I only point that out as related to the severity in my recent response. It really is unusual behavior for me both to belabor the point and to react so powerfully. I always felt that I was weak if I cried. That it meant I couldn’t deal; an indicator that I wasn’t strong enough. This is particularly frustrating, and ironic, since my two default responses to intense emotion typically have been to either a) cry, or b) throw up (and sometimes c) both). This bothered me. A LOT.

Until now. Until this. Until I finally gave myself permission to fully feel. Until I really really loved and then really really hurt. Until I decided that telling myself to “suck it up” wasn’t actually the best plan of attack and that maybe to get through my breaking point, I had to let myself fall a little. Time for She-Who-Does-Like-To-Shed-Saltwater to well, let it rain.

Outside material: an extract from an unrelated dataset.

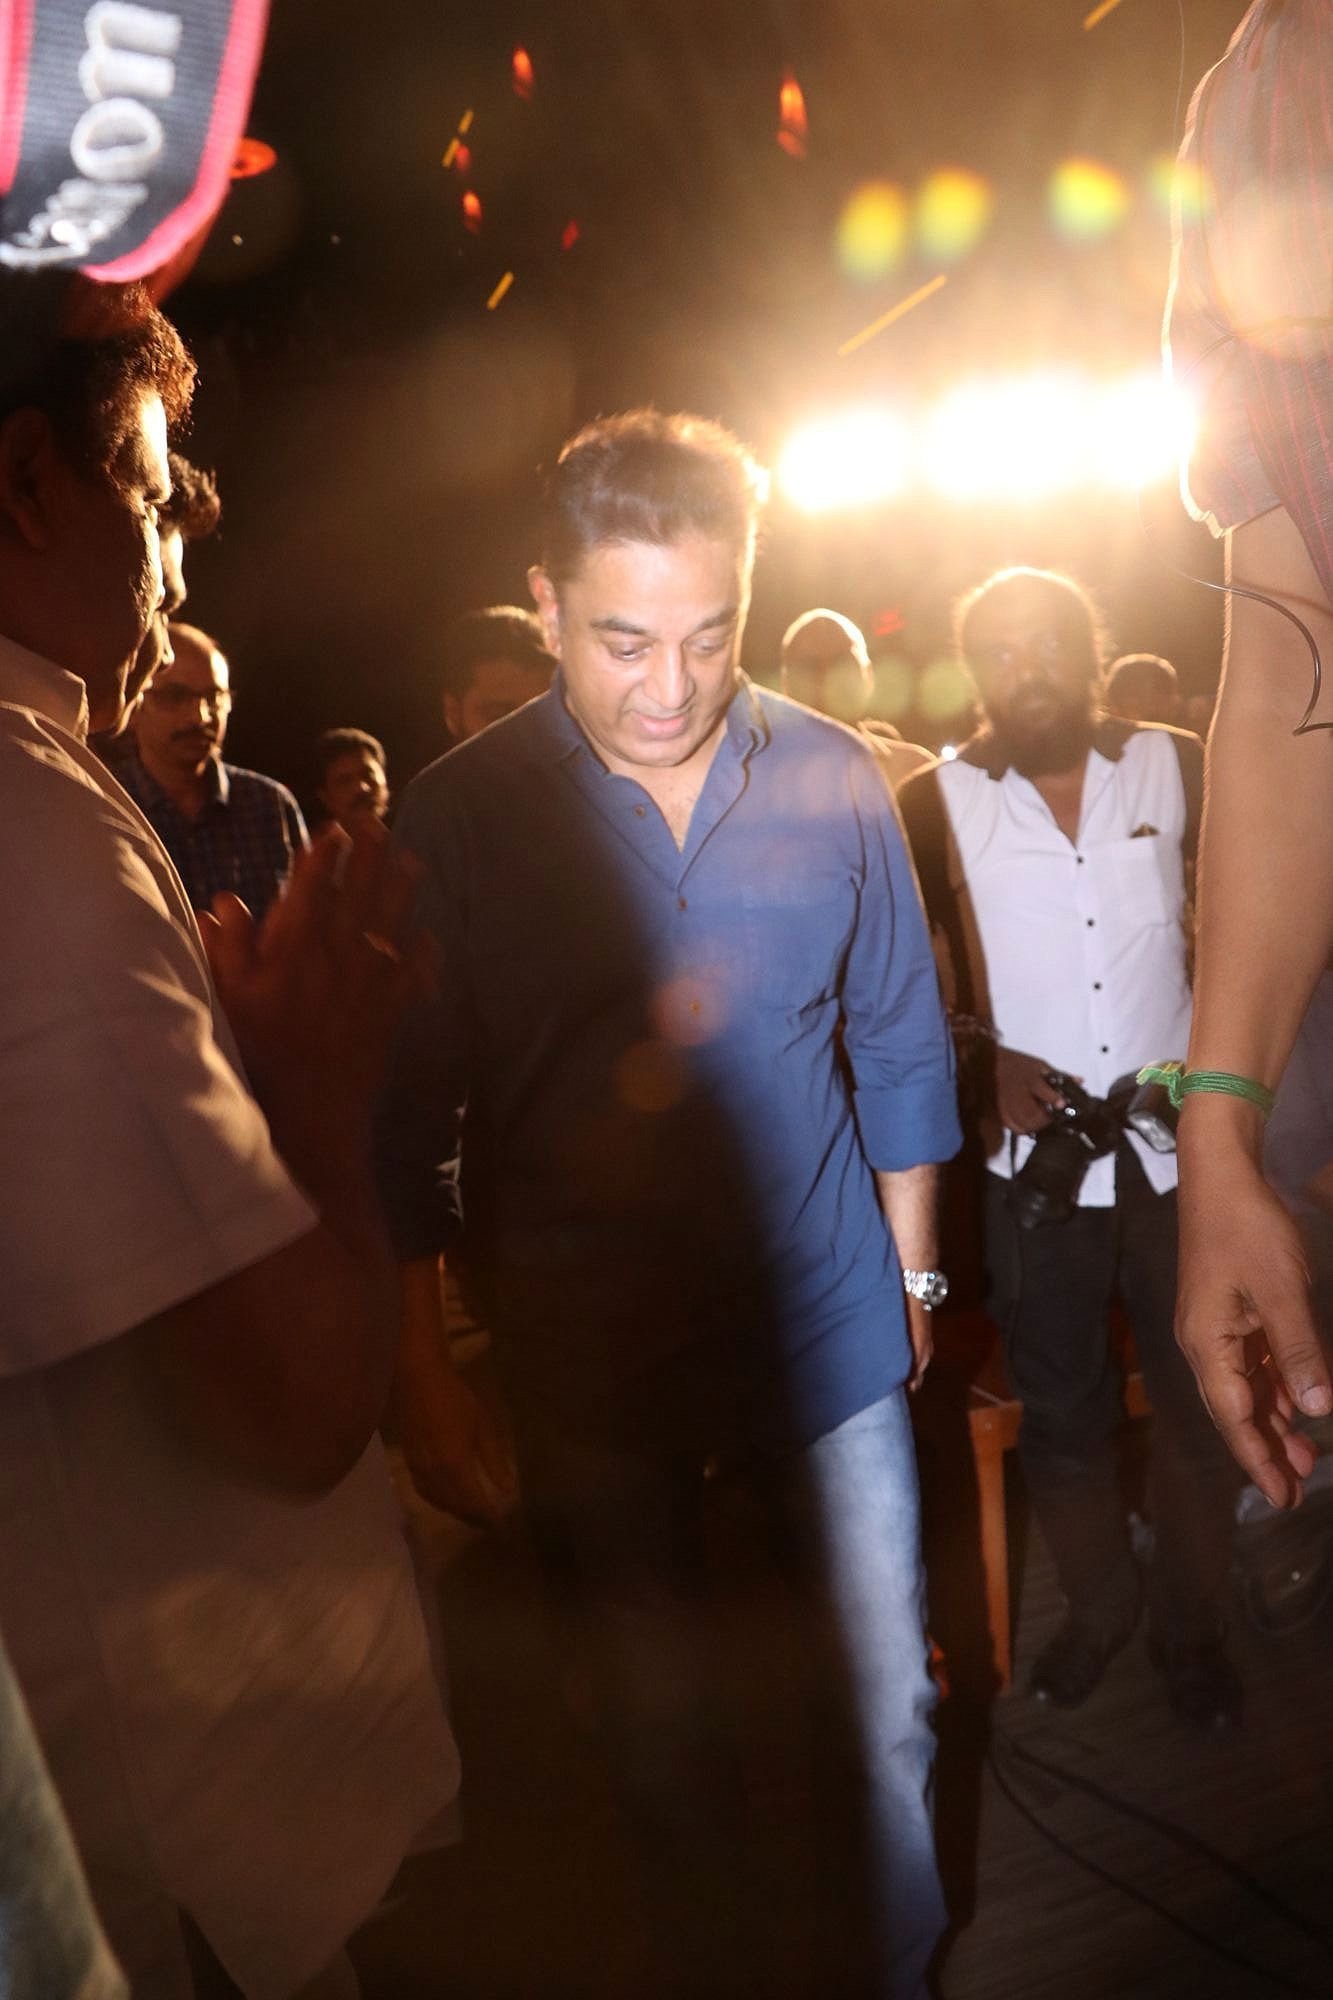 Kamal Haasan - Sangili Bungili Kadhava Thorae Movie Audio Launch Photos | Picture 1495099

Through these recent downpours, I have started sincerely tuning into and noticing my emotions. I have been becoming aware of them and watching how my body is responding. Noticing where I tighten up, how my heart feels like it’s being squeezed with a pair of vice grips, how my breath gets short, how I sweat a little. It’s weird, unfamiliar, strange territory.

And, I gotta say, it is kind of awesome. I have actually thought to myself, while sobbing on the floor, “this is amazing. I am learning so much from this. This is so good for me.”

Who the hell thinks like this? Seriously? Well, me, for one, apparently. Turns out I have learned how to cry like an optimist instead of like a member of the Stoic School of Philosophy. I am learning to appreciate the emotion instead of avoiding it. To embrace the lesson instead of resisting it. I’m learning to lean in to the discomfort.

I’m okay with where I’m at. I don’t think I should “get over it.” The impact it had on my life was too profound to simply blow off and walk away as though nothing happened. Something DID happen. Something amazing; love really is powerful stuff. I learned, I grew and I was strengthened through and by it; all of it. From beginning to end, it was an incredibly raw and humbling experience from which I emerged a new, softer, more vulnerable, more empathetic person.

Whatever happened occurred because it was time. The good and the bad, the lovely and the agonizing, the expected and the total blindsight, those lessons changed me, for the better. They prepared me for what’s next, whatever that is. I am a better version of myself becuase I have learned. What I can share and offer to others has expanded; my lens has widened, my understanding increased, my heart, made bigger.

I don’t need to be fixed, because I’m not broken. I’m simply, altered. Gratefully, reverentially, and with veneration, I am transformed.

Heartbreak then, is hardly overrated, that shit is legit.